**TASK DIRECTIONS:**
Return the listing below unchanged, minus its pictures.

**DATASET CONTENT:**
#####

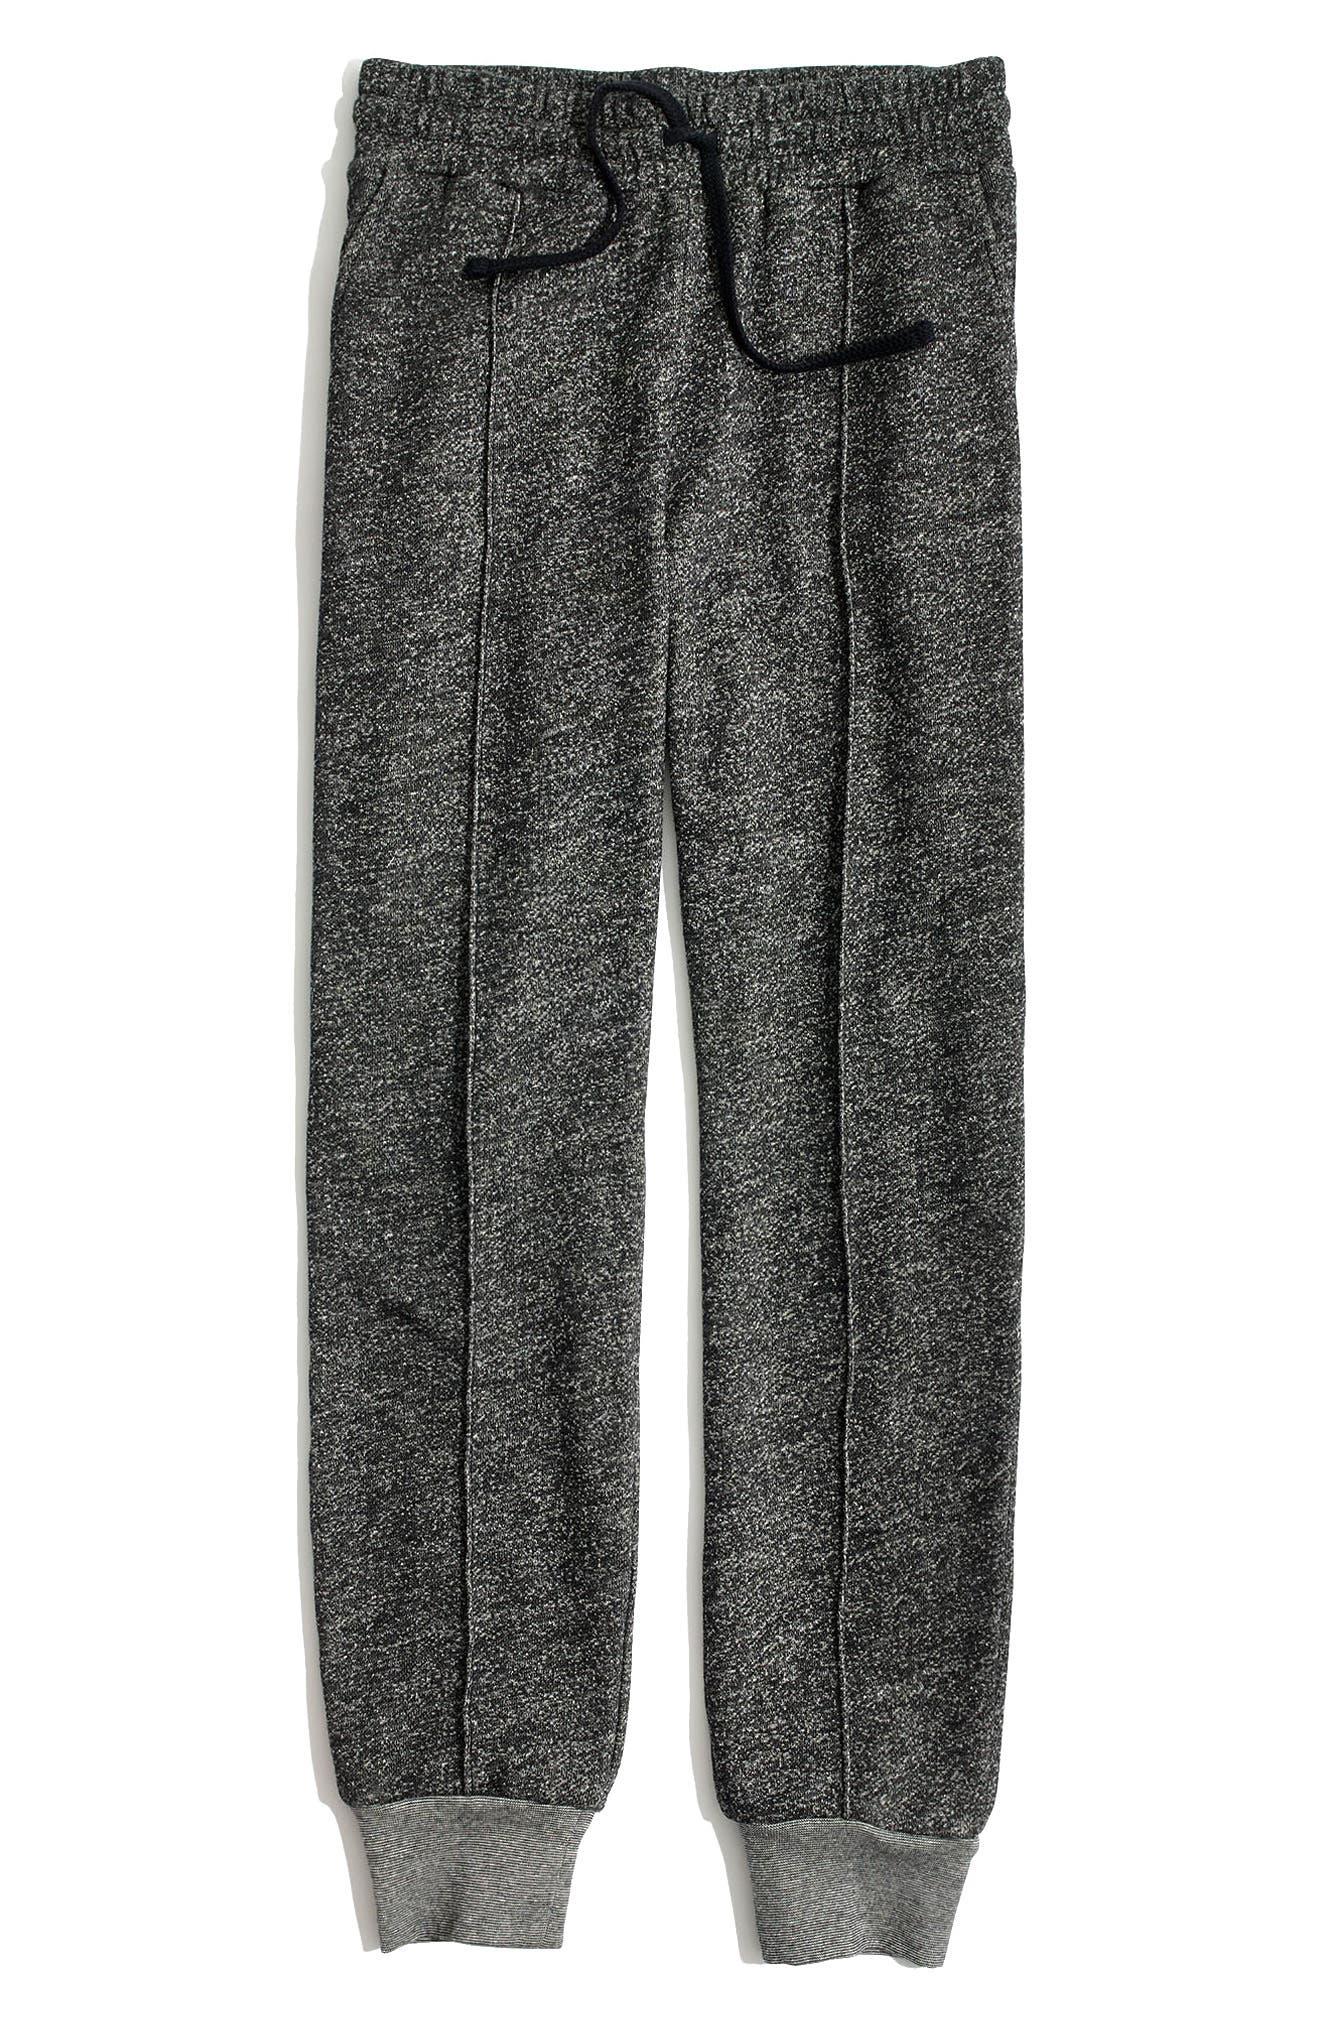 Pintuck Slim Fit Sweatpants,                             Main thumbnail 1, color,
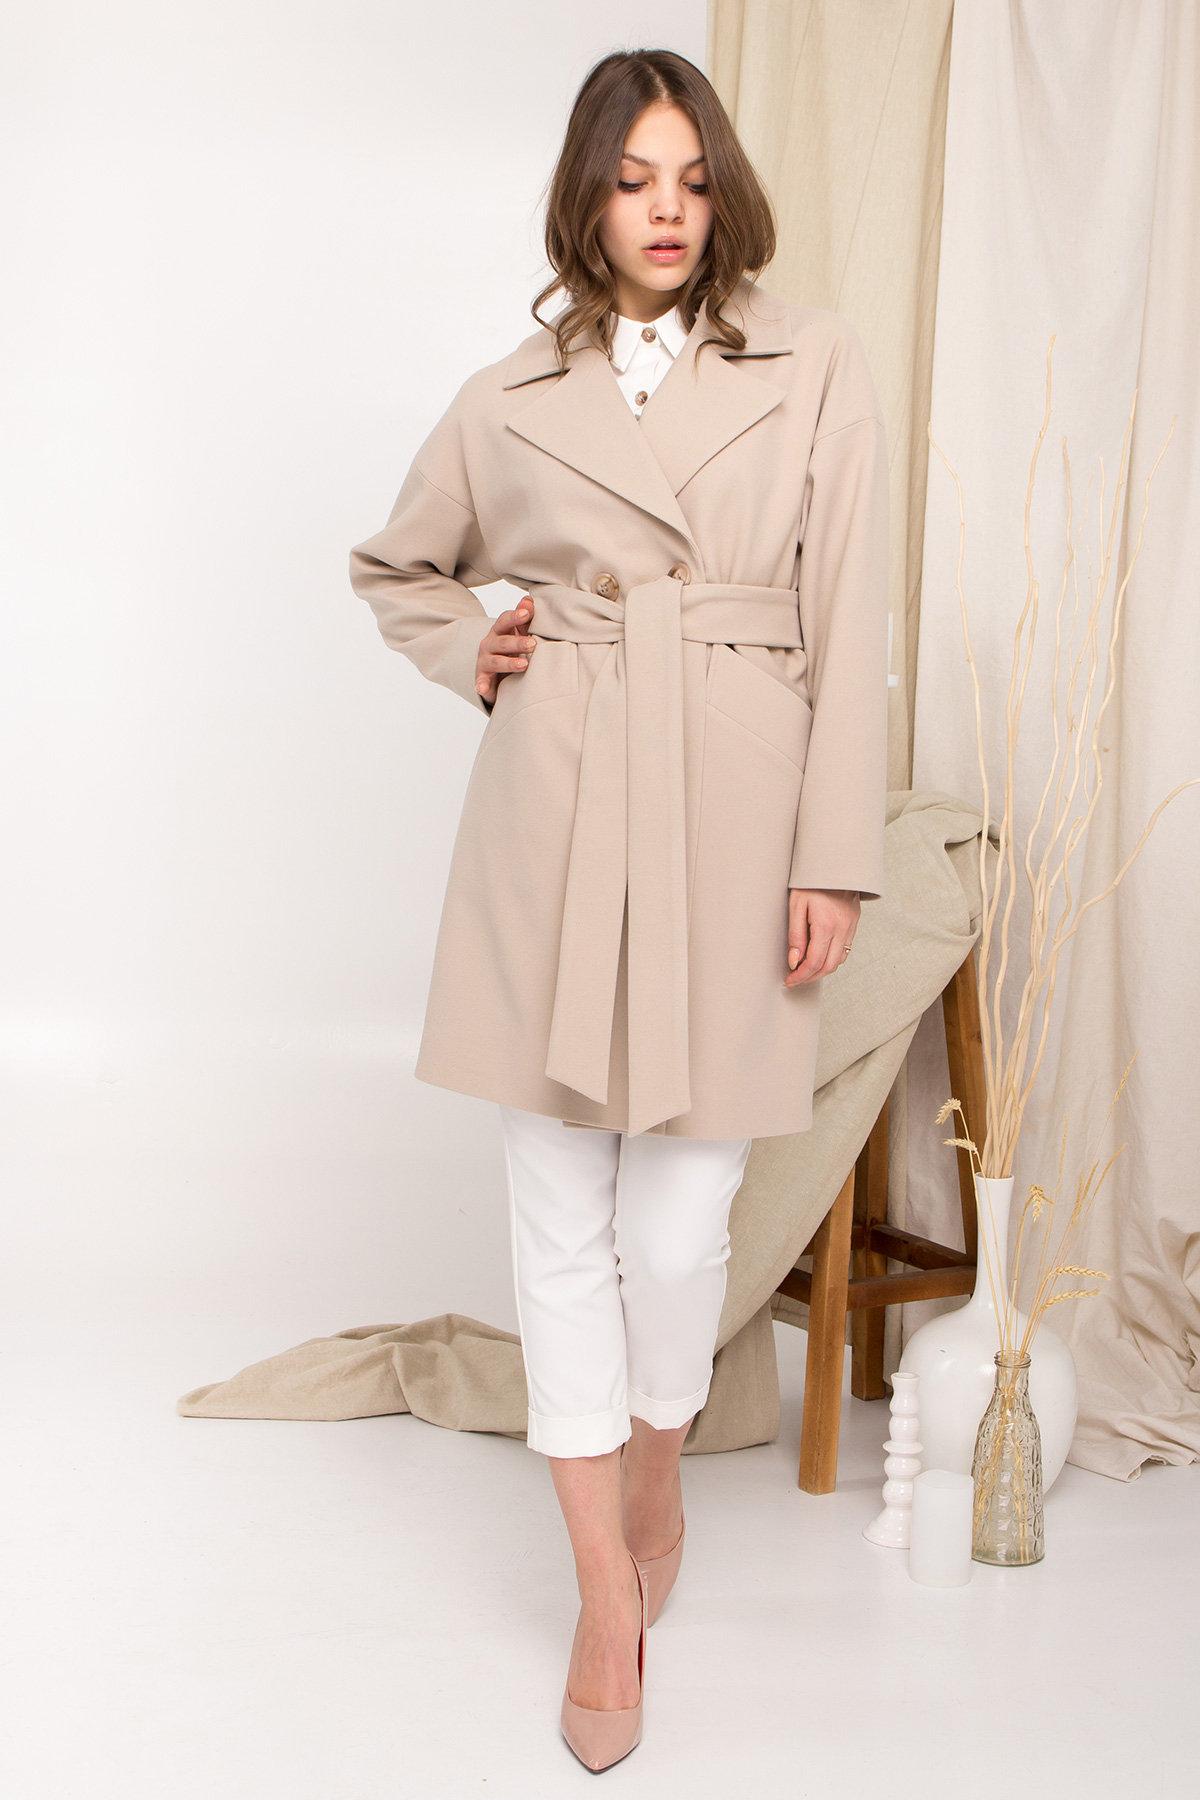 Пальто Сенсей 9006 АРТ. 45312 Цвет: Бежевый - фото 6, интернет магазин tm-modus.ru
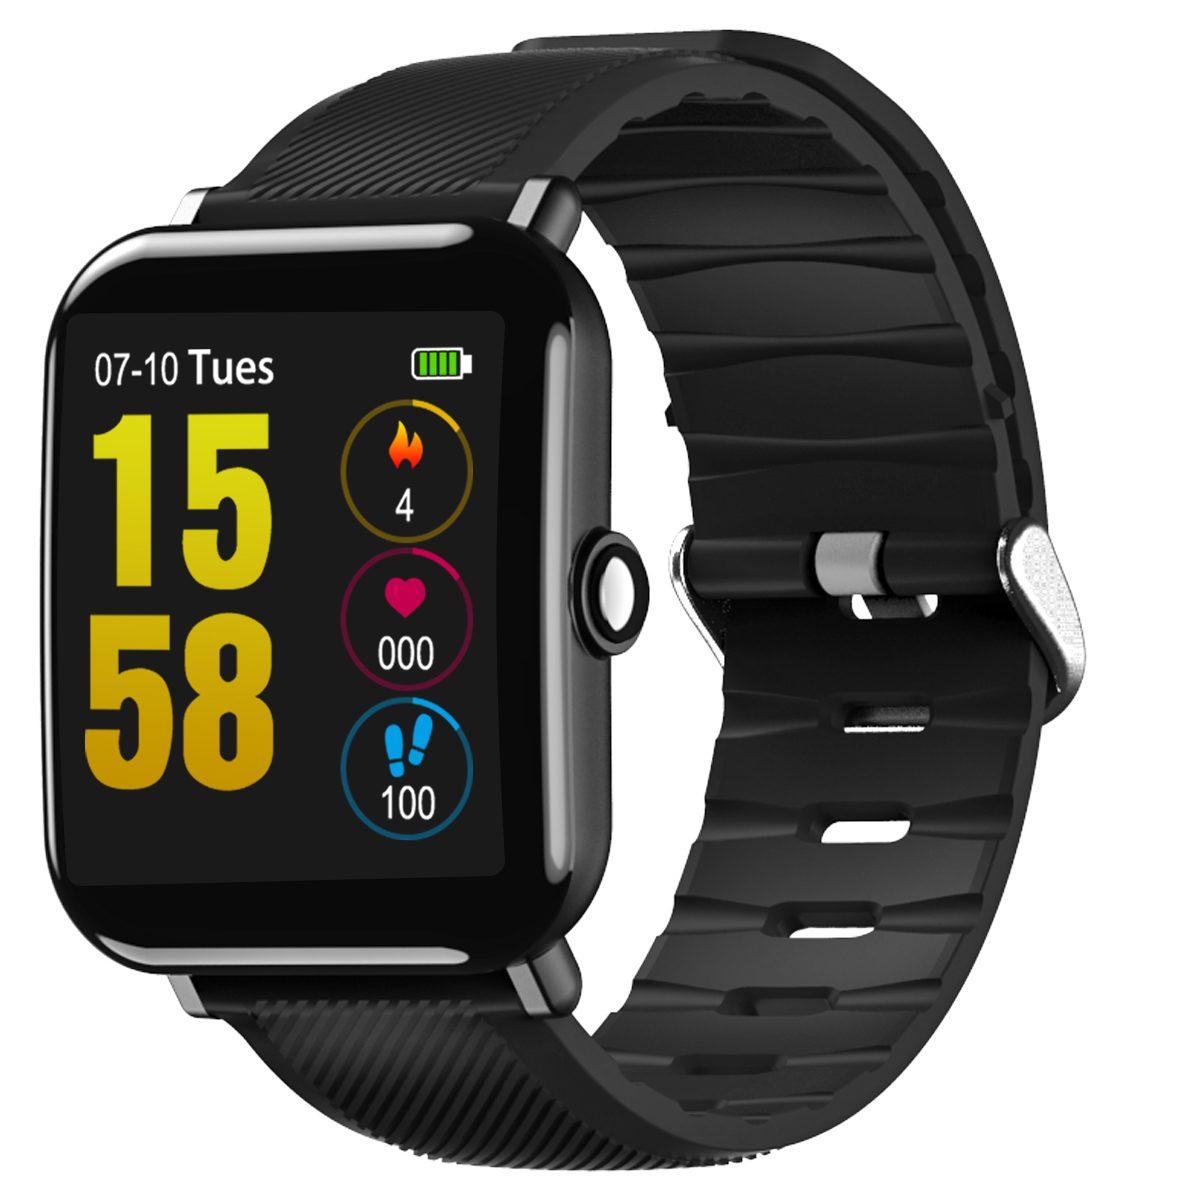 OUKITEL W2 1.3 '2.5D grand écran fréquence cardiaque moniteur de sommeil montre intelligente sport Mode Message affichage 15 jours veille montre intelligente
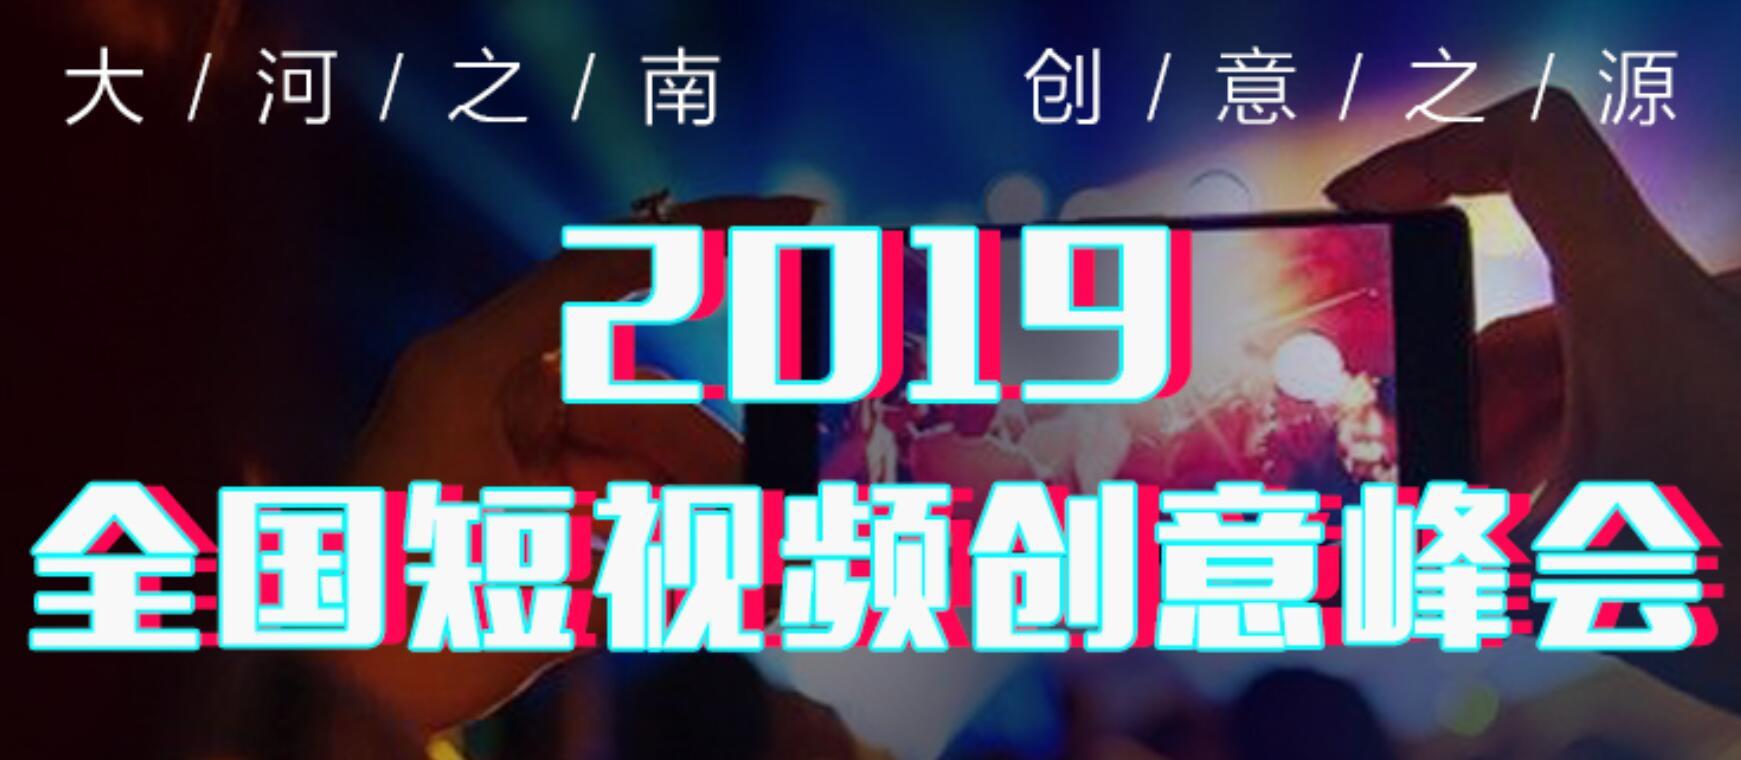 2019年全国短视频创意峰会直播

#####

**SOLUTION TO THE EXERCISE:**
 Pintuck Slim Fit Sweatpants,                             Main thumbnail 1, color,
 Пальто Сенсей 9006 АРТ. 45312 Цвет: Бежевый - фото 6, интернет магазин tm-modus.ru
 OUKITEL W2 1.3 '2.5D grand écran fréquence cardiaque moniteur de sommeil montre intelligente sport Mode Message affichage 15 jours veille montre intelligente
 2019年全国短视频创意峰会直播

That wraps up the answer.